The North Bergen Yard is freight rail yard and intermodal terminal in North Bergen, New Jersey parallel to Tonnelle Avenue between 49th and 69th Streets. Located within the North Jersey Shared Assets Area, the facility is part of CSX Transportation (CSXT) and the origination point of its CSX River Subdivision at the southern end of the Albany Division. On its west side, the New York, Susquehanna and Western Railway (NYSW) runs the length of the yard and operates a bulk transloading operation immediately adjacent to it.

==Background==
A rail right of way was laid at the foot of the western slope of the Bergen Hill (the lower Hudson Palisades) in 1859 by the Northern Railroad of New Jersey to Croxton, Jersey City, and by 1874 the Hudson Connecting Railway had parallel alignment, now part of NYSW. In 1883 the West Shore Railroad had also laid tracks. The lines travelled to Marion Junction where using the New Jersey Railroad (later the Pennsylvania (PRR)) they passed through the Bergen Hill Cut to the Pennsylvania RR Depot at Exchange Place. Passenger service passing through yard was provided by the Erie Railroad's Northern Branch, which along with NYSW for a time stopped at Susquehanna Transfer, about a half mile to the south of the yard before proceeding to the Pavonia Terminal. After 1886, and until discontinuation of service in 1959, West Shore Railroad trains travelling to and from Weehawken Terminal would join the right of way at a rail junction at the yards southern end just west of its tunnel under Bergen Hill. This tunnel was also later used by Conrail's River Line until in an agreement with New Jersey Transit the trackage was upgraded and freight shifted to the west side of the Hudson Palisades. The yard was owned by Conrail.

==Southbound==
The new trackage south of yard travels into Jersey City. Known as the Northern Running Track, it junctions with the National Docks Secondary which travels southeast through the Long Dock Tunnel to Port Jersey. At Marion Junction it becomes the Marion Running Track to the Passaic and Harsimus Line which travels southwest across the Hackensack River, the Kearny Meadows and the Passaic River to Oak Island Yard. The running track also provides a connection to Norfolk Southern's intermodal operations at Croxton Yard from the south.
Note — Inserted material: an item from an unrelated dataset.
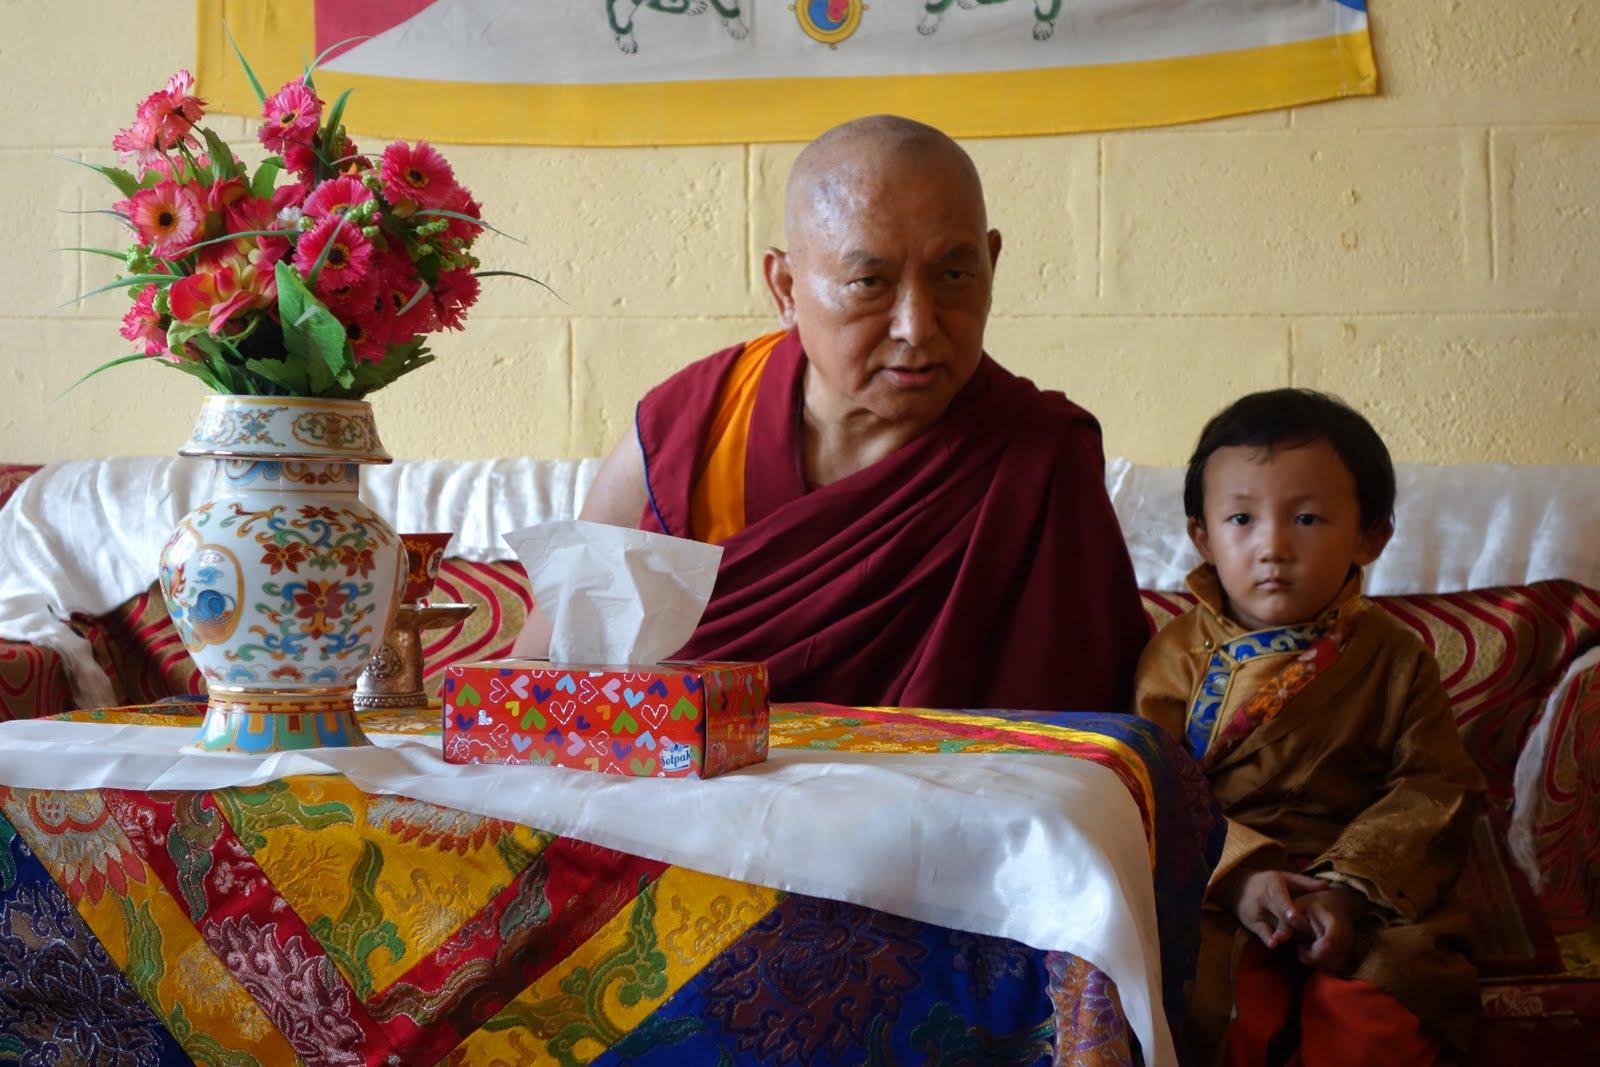 Rinpoche and a young lama at Kopan Nunnery. August 8, 2013 Photo: Ven.Roger Kunsang

NYSW operations terminate at the Landbridge Terminal. near Secaucus Road.

==HBLR Northern Branch and Passaic Bergen Hudson Transit==
The current northern terminus of the Hudson Bergen Light Rail (HBLR) is a balloon loop just west of the Tonnelle Avenue station directly adjacent to the yard. The Northern Branch Corridor Project is a proposed restoration of passenger service through an extension of the HBLR. Plans call for a flyover over the yard and light rail trackage along it western side. 69th Street station would serve passengers on two lines under consideration by NJ Transit, the Northern Branch and the Passaic–Bergen–Hudson Transit Project

==69th Street Bridge==
In February 2019, at the northern end of the yard, work was completed on a bridge to replace the grade crossing at 69th Street between Tonnelle Avenue and West Side Avenue, parallel to the Cromakill Creek. Significant delays caused by long trains created considerable congestion for those working and shopping in the area. Located midway between the current terminus near 49th Street and the first proposed station at 91st Street, the site was at one time planned to be a stop along the HBLR Northern Branch Corridor, though current plans do not include one.
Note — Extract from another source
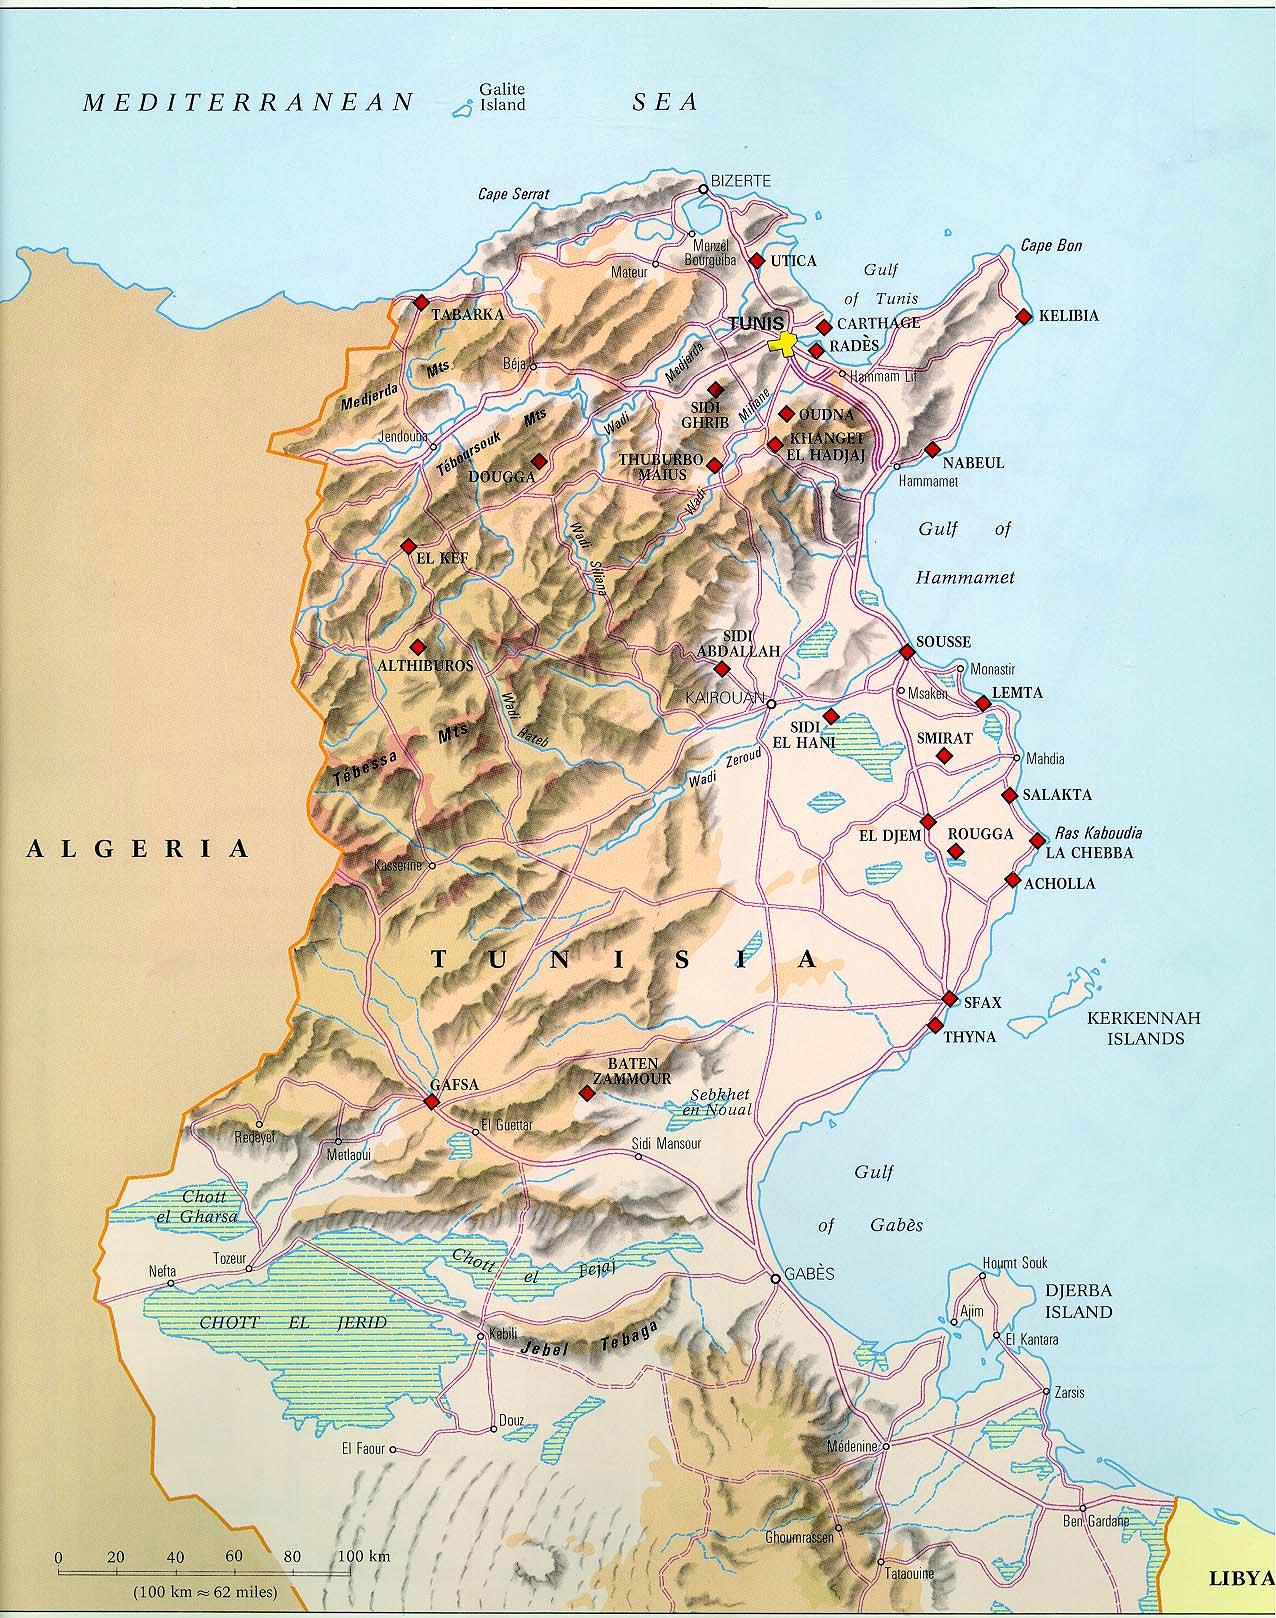 karte tunesien Karten von Tunesien | Karten von Tunesien zum Herunterladen und  karte tunesien

Estimated to cost $67 million in 2005, the project had sporadic funding since its inception. In May 2006, NJT announced that $38 million had been allocated for the project. Approval for construction was given in 2007 and ground was broken in October 2008.
The New Jersey Department of Transportation had allocated multi-year funding for the project in its Capital Program:
$10 million in 2009, $15 million in 2010 $10 million in 2011 at which time remaining construction costs were estimated to be $55 million. There was no allocation made for 2012.

Ground was broken in October 2008 but construction was delayed for years due to the first construction company's inadequacies and subsequent cancellation of their contract. It finally opened in February 2019.

==Northbound==
Above 69th Street trackage continues north to the former Granton Junction and Babbitt Station CSX's stub-ended Northern Branch continues north as a spur line to the New York State Line. The right of way shared by CSX and NYSW mainlines veers to the northwest to the Little Ferry Yard, which despite its name is located in Ridgefield, New Jersey under the New Jersey Turnpike. It then crosses Overpeck Creek, passing Ridgefield Park (NYCRR/NYS&W station) into Bogota, where CSX and NYSW diverge.
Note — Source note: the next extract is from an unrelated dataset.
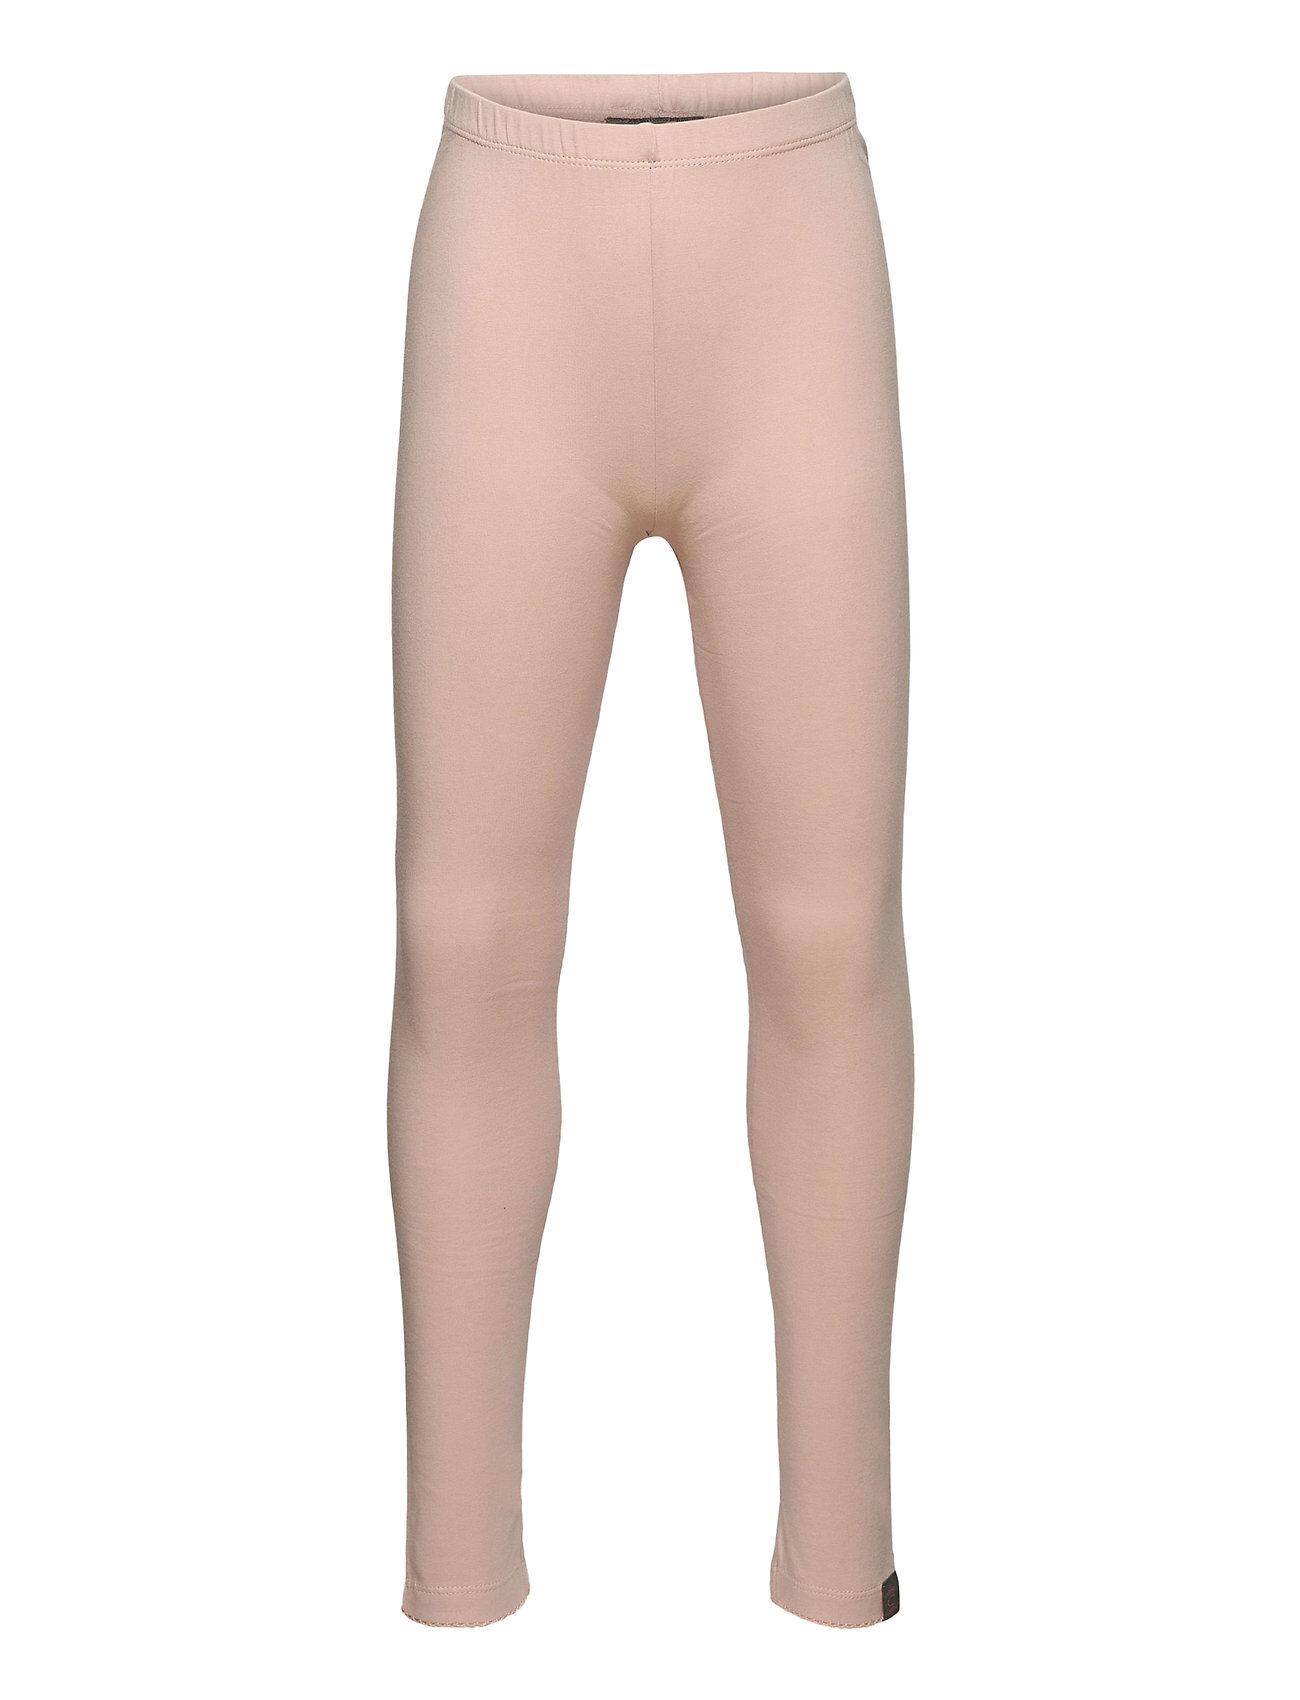 Creamie Leggings Leggingsit Vaaleanpunainen Creamie

CSX trackage to this point was formerly part of the Bergen Subdivision, The River Line continues north along the original West Shore Railroad alignment through Bergen County, New Jersey and Rockland County, New York reaching the river for which it is named after passing through a tunnel at Haverstraw, and continuing north to a point near Selkirk Yard where it junctions with the Port Subdivision and Castleton Subdivision.

The NYSW at Bogota veers west crossing the Hackensack River, and at Paterson, the Passaic River to Sparta. It crosses the state line into New York at Warwick.

==See also==
- List of rail yards
- Timeline of Jersey City area railroads
- Hudson Connecting Railway
- List of bridges, tunnels, and cuts in Hudson County, New Jersey
- Selkirk hurdle
- A-P-A Transport Corp.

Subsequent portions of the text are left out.